Today, I don't think I have cried as much, ever, in my life.
It is truly horrid.
When you finally realise that she's never coming back.
Going to my Nana's funeral was a heart-breaking moment and I have never felt anything like it in my whole life. I could not stop crying the whole way through the service, every little bit reminder me of her. The hymns, the poem, the eulogy and the worst part, was that her coffin was right there, next to me.
We had to bury her during the process. This was my first ever funeral so I had no idea what you had to do so when I saw it, I broke.
At this point, I realised that she and finally gone, and is never coming back. And I don't want that.
Geese, I am crying now!
I just want her back, you know. She made so many memories in my head which I will treasure forever and her affection towards me I will never forget. She was amazing and I love her.
The thing that I think made it that bit better than it is, is the fact that I actually got to say goodbye. Geese, that day was hard. She was ill, really ill, and she didn't know it. It was a brain injury and she thought she was going home soon.

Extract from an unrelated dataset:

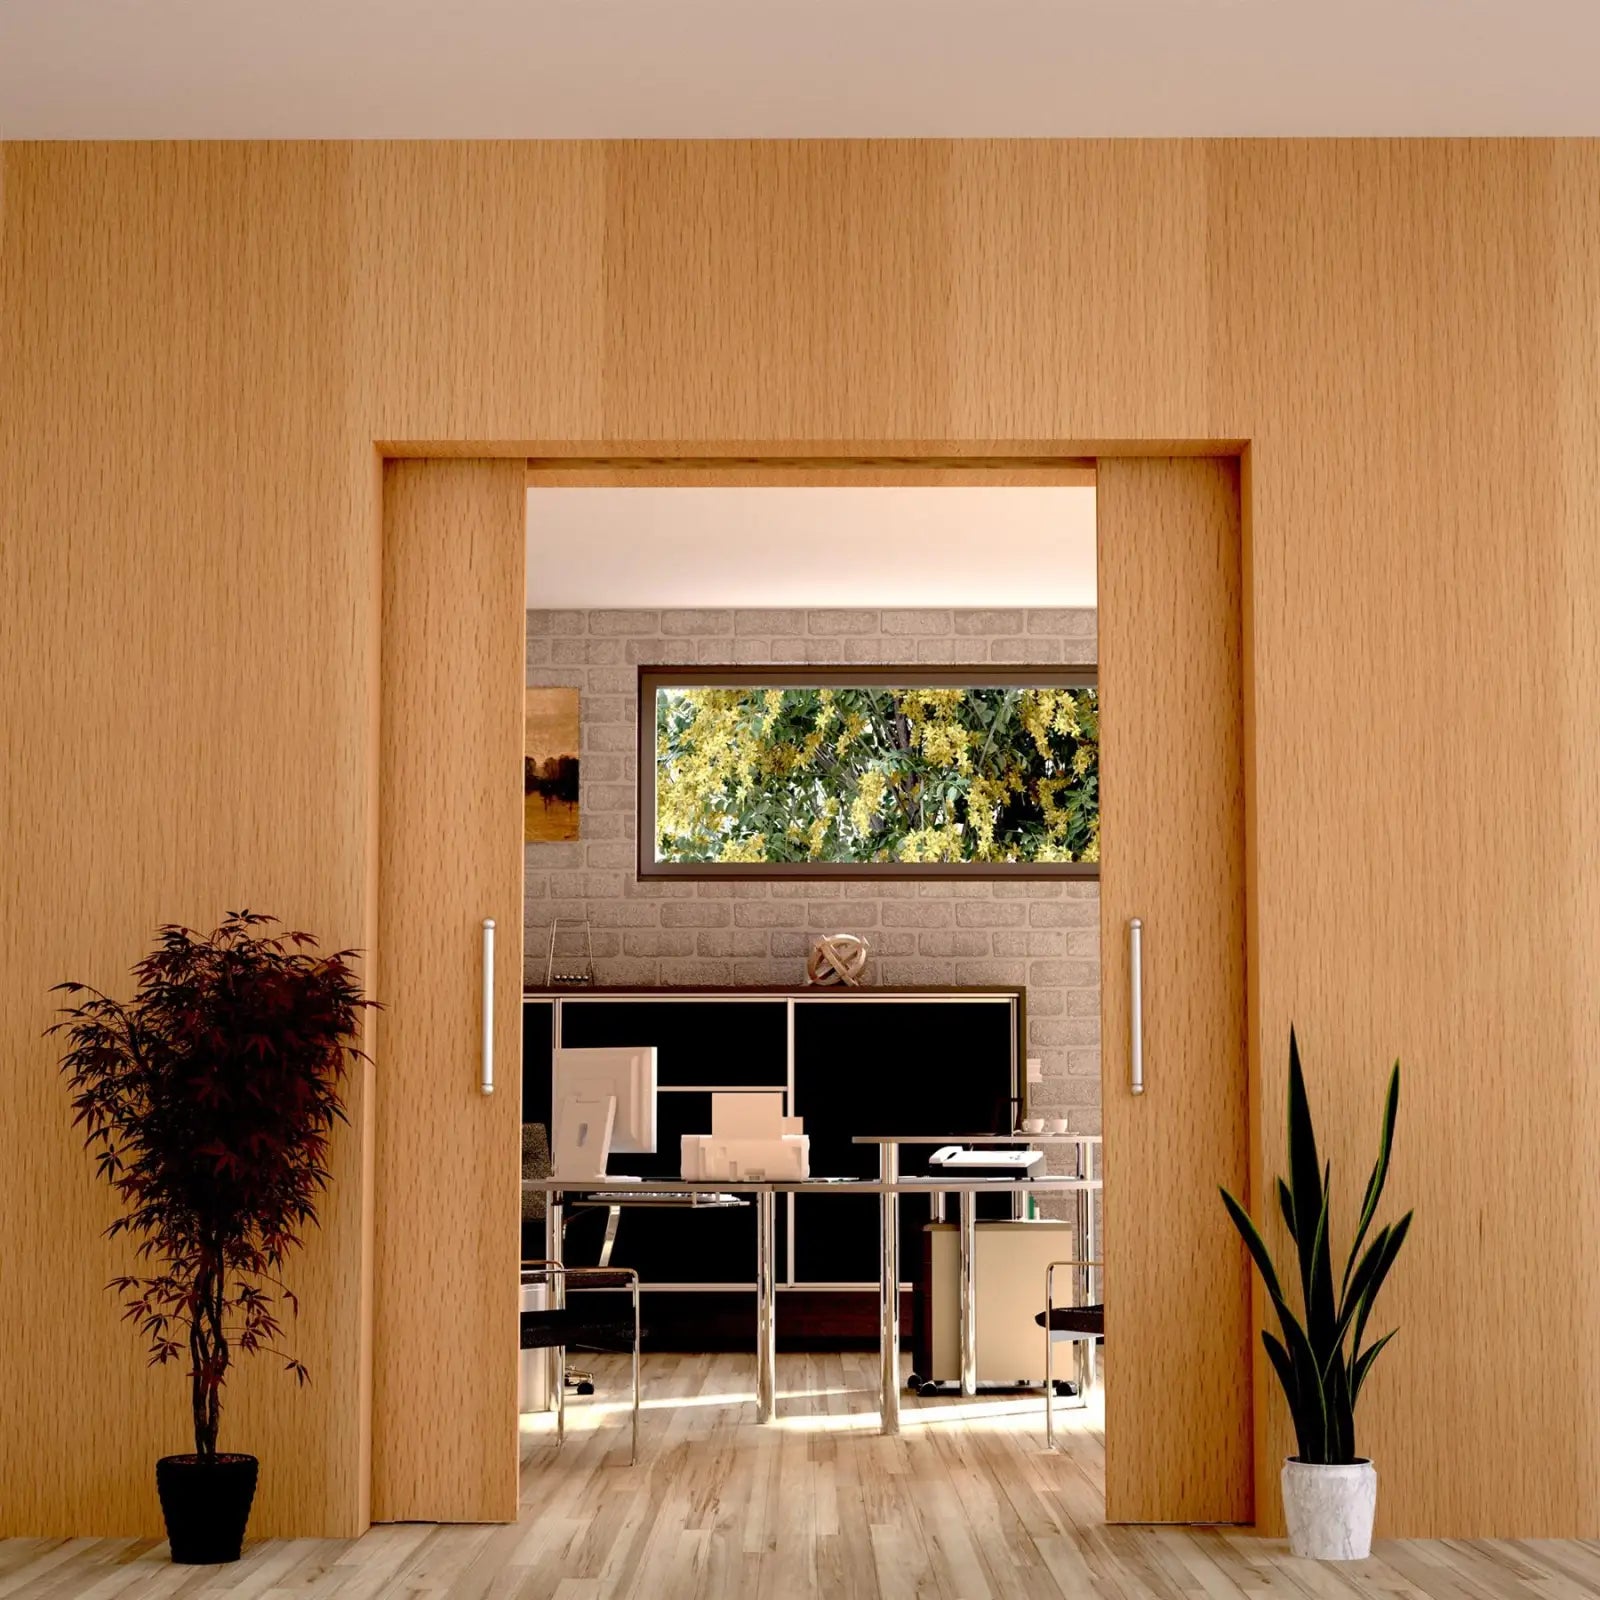 DS-Slide Double Synchro Sliding Door Kit - 3600mm Track - One Way Soft Close - Decor And Decor

It was awful.
At the end, I just said goodbye, kissed her and left and fell into a puddle of tears. I didn't cry in front of her because she thought there was nothing wrong, when in fact, she wasn't going to be there much longer.
It still hurts now, like a heartache. I have never felt this way before.
But as I am writing about my beloved Nana, I just want to say something to her, if you guys don't mind.
I have loved you for 1000 years, and I will love you for 1000 more. Goodbye x
In loving memory of my dearest Nana, I dedicate this blog to her.